Andersson tells me that he expects “GTFO” to inspire the sort of fine-tuned min-maxing you can expect in the higher tiers of other cooperative games – “Destiny” raids might be the most apt example. The loadout screen is surprisingly detailed; alongside the primary and secondary weapons, each player elects a specific gadget to help them in the excavation. Your options include a sentry gun, which minces through anything that moves in front of it, a glue gun which can be sprayed on surfaces to stymie enemies, a scanner that allows you to tag hostiles so you can track them on your map. The idea is that maybe, after one too many game overs, your team goes back to the drawing board and elects to bring three sentry guns to seal off a particular corridor that’s giving you trouble, even if that means you’re giving up a bevy of other useful tools.
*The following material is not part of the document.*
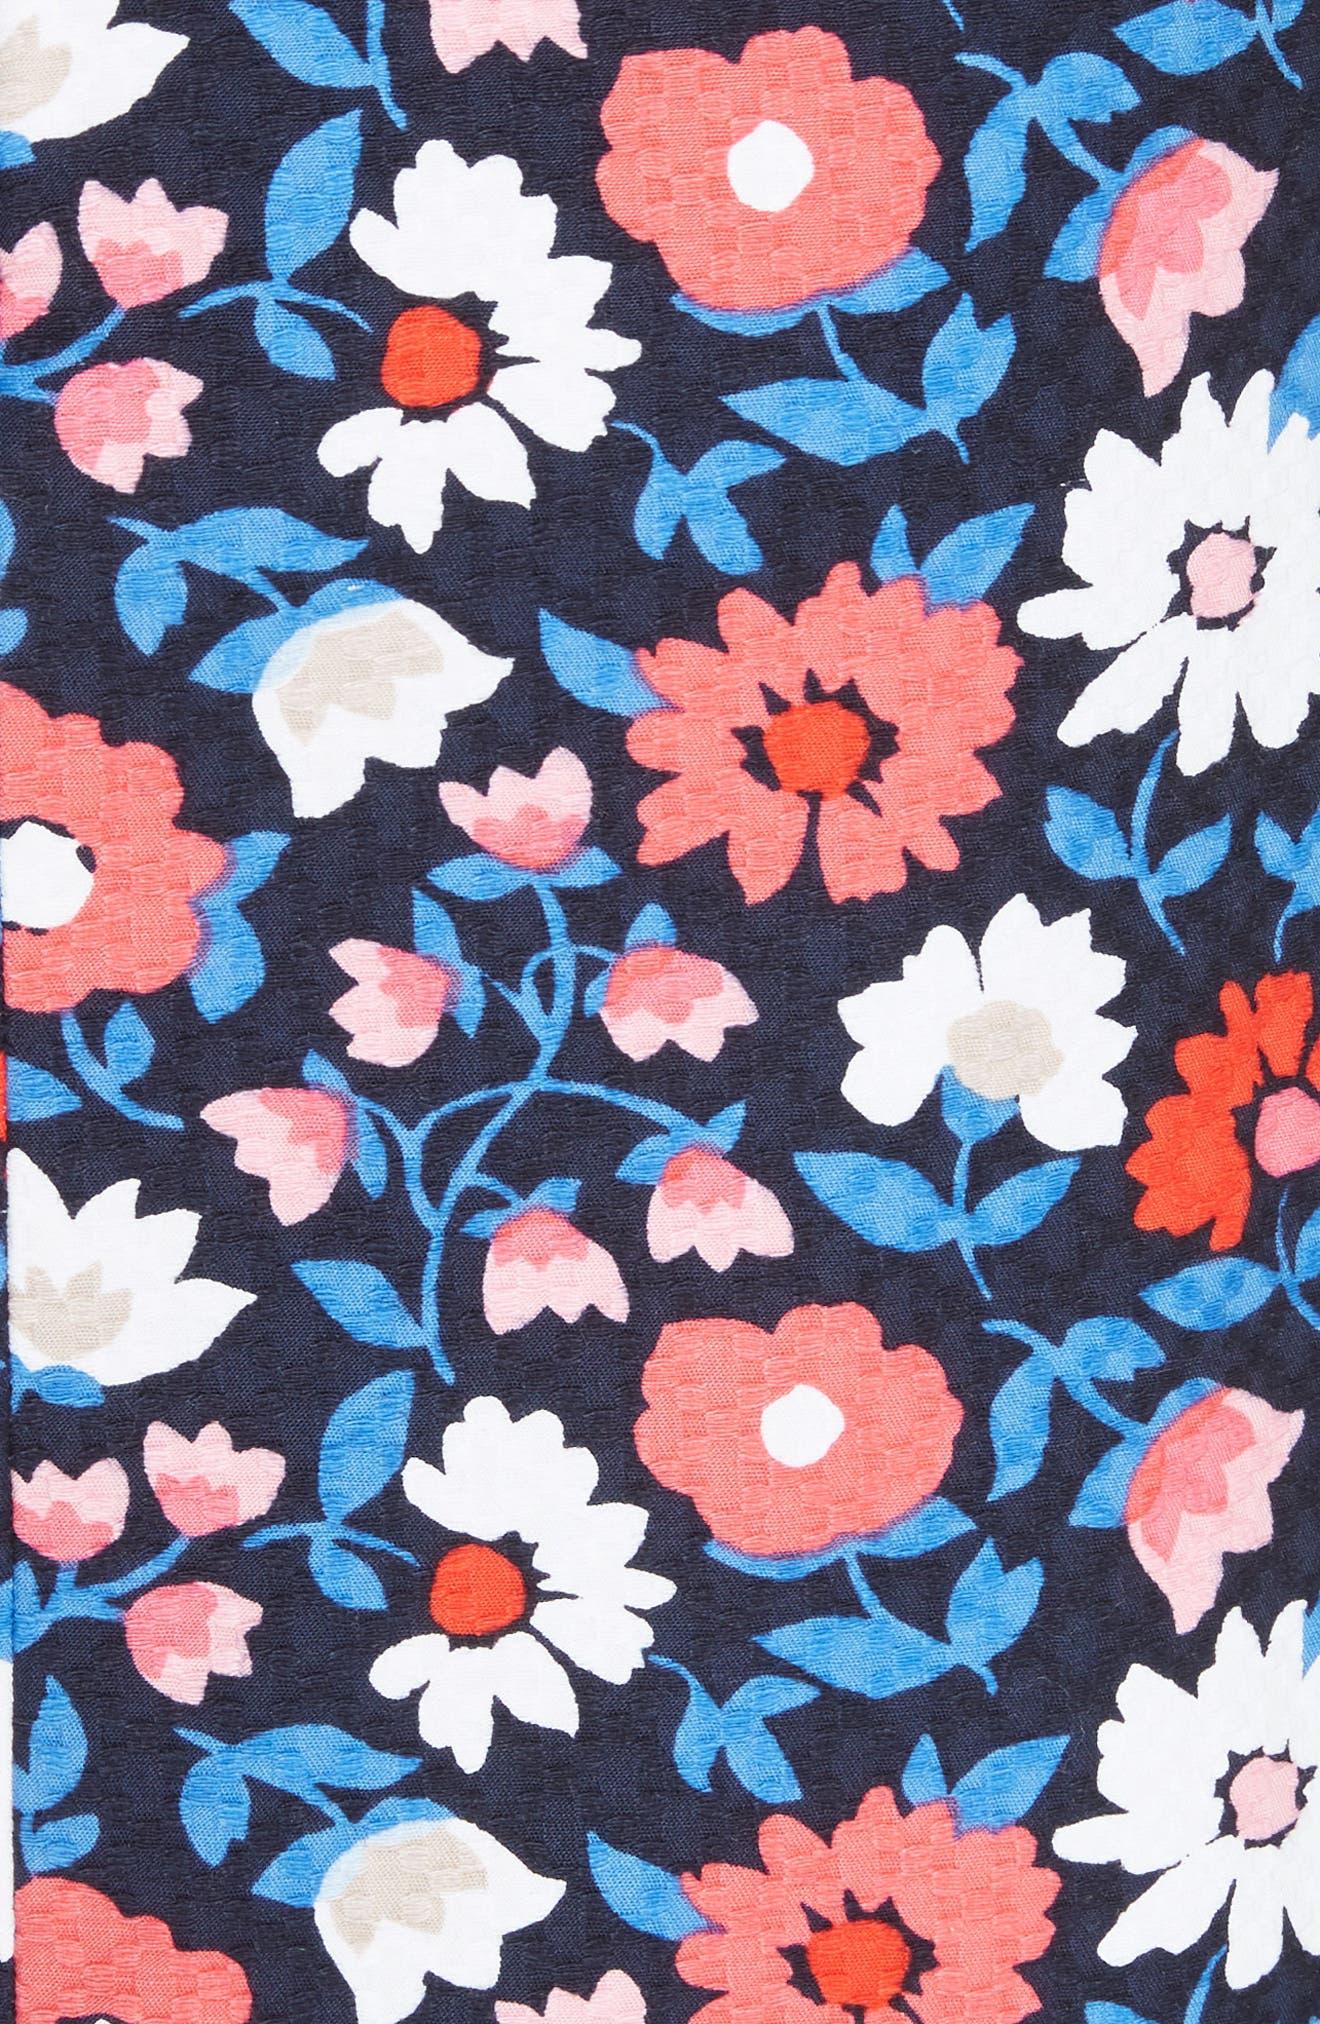 daisy jacquard A-line skirt,                             Alternate thumbnail 5, color,                             Rich Navy

The hacking mechanic was also hilariously tense. Unlocking lockers and doors will occasionally force you to type in a specific function into a DOS command-prompt on an old terminal. Like, you, physically, will need to type it in. With your keyboard. This isn’t like ‘Fallout’ where you just click on the mess of code you want to use. I can only imagine what it’d be like to bang out those commands under pressure, while the rest of your team is getting their faces peeled off.

After three days at E3, “GTFO” is the game I’m most eager to have on my computer. I’m not sure if that it makes it my game of the show, but it absolutely scratched that interminable itch of being low on health, low on resources, and still scraping by to the end. “If only we used the glue gun on that alleyway!” “If only we saw that guy in the corner!” If you enjoy those late-night, post-match tinkering sessions with your friends, than “GTFO” will absolutely speak your language. It releases on Steam later this year.